“What day is it tomorrow?” Mom asks.
“Saturday,” I reply.
“Oh, good. That means I don’t have to go to work.”
Hmmm. People have been telling me I shouldn’t correct my mom when she says something that’s not real. “Live in her world,” they say. So I decide this time to play along.
“Where do you work?”
“I don’t know, but I go every day,” she says, a mixture of wonder and dread in her voice, as well as a little laughter. “It worries me, because I don’t know how to get there.”
“Don’t worry; I’m sure they’ll come and get you.”
“My bosses will come and get me?”
“No, the people who work in your facility.”
“Uh … no.” This conversation isn’t going so well, so I try to redirect it. “Who are your bosses, mom?”
“I don’t know,” she says.
“Well, what kind of work do they make you do?”
“I don’t know, sweetie. The brain’s not working. I don’t know what my job is, who my bosses are, or how to get there.”
“Are you getting paid?”
“Oh dear,” she laughs. “I don’t think so!”
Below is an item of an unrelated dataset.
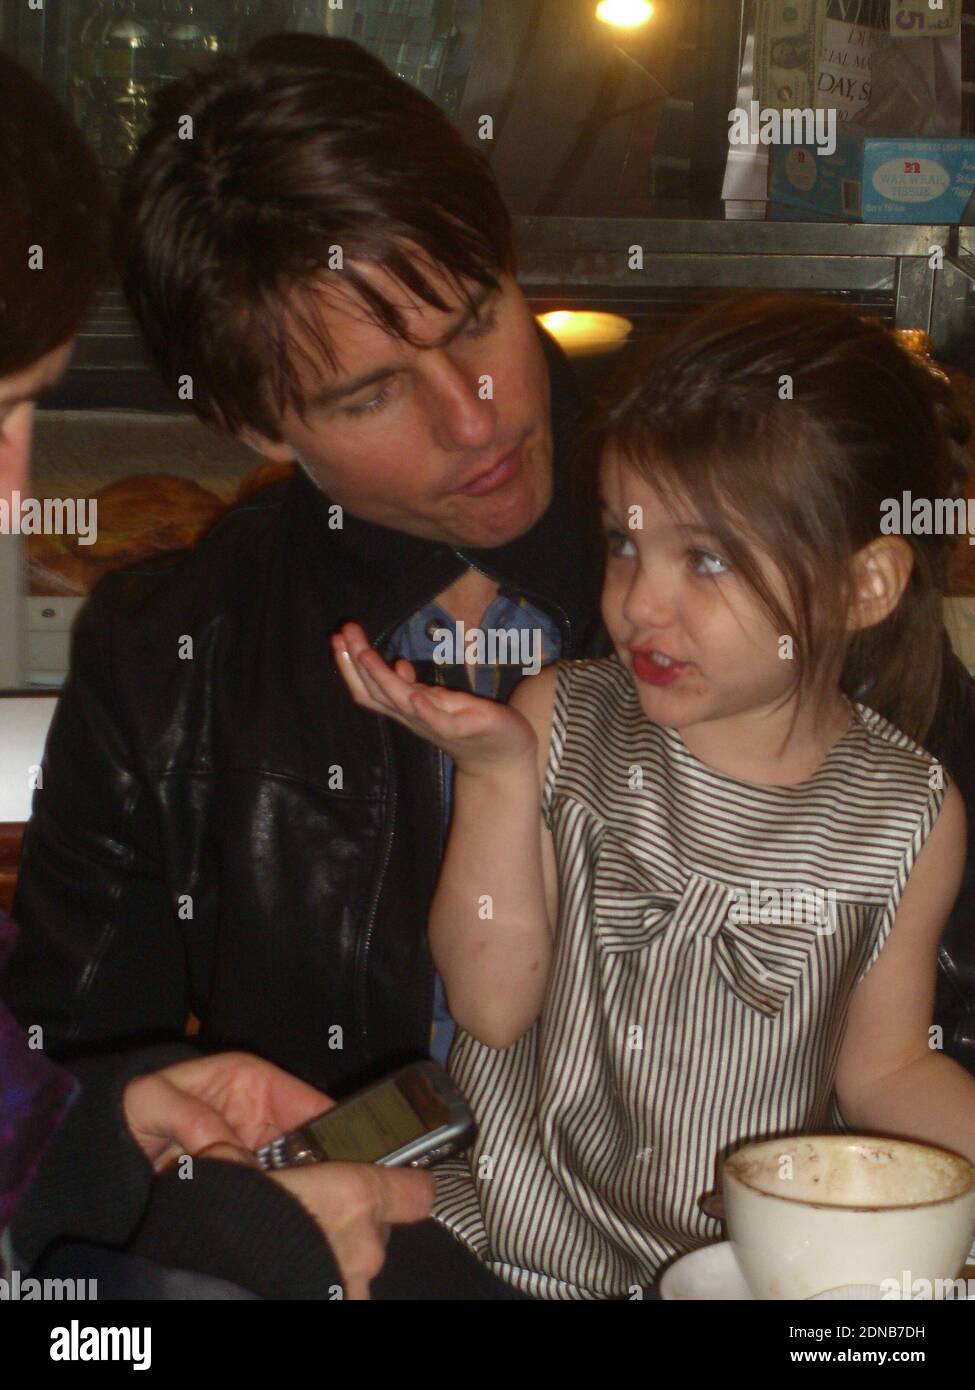 Boston, United States Of America. 07th Nov, 2009. BOSTON, MA - NOVEMBER 07: (EXCLUSIVE COVERAGE) Tom Cruise, daughter Suri, along with son Connor and wife Katie Holmes go out to a small cafe on the west side. The crusie family had a blast as the family enjoyed cafe and cake. Little Suri looked ablsolutely adorable as she played and picked at her dersert. Tom is in Boston filming his new movie 'Wichita' alongside Cameron Diaz. on November 07, 2009 in Boston, Massachusetts People: Tom Cruise, Suri Cruise Credit: Storms Media Group/Alamy Live News Stock Photo

I laugh, too. And I realize I can’t keep this up. Almost every word my mom says is tinged with irony, as if she knows it isn’t true, as if she realizes her imagination is filling in where her memory is blank. Which part of my mom do I support — the one making up stories or the one that knows they’re not real?
“You know, you really don’t work anymore, mom,” I say.
“I don’t? Well then, what am I doing here?” she asks, and we both laugh. I don’t think she really expects an answer, so I don’t offer one.
I completely understand why people think caregivers and loved ones should try to live in the world of the Alzheimer’s patient, to affirm the person’s experiences and beliefs. But I don’t think it works for my mom and me. Or maybe I’m just not willing to accept what the disease is doing to us. I’m not ready to relinquish my mom to Alzheimer’s world; I want her to stay in my world.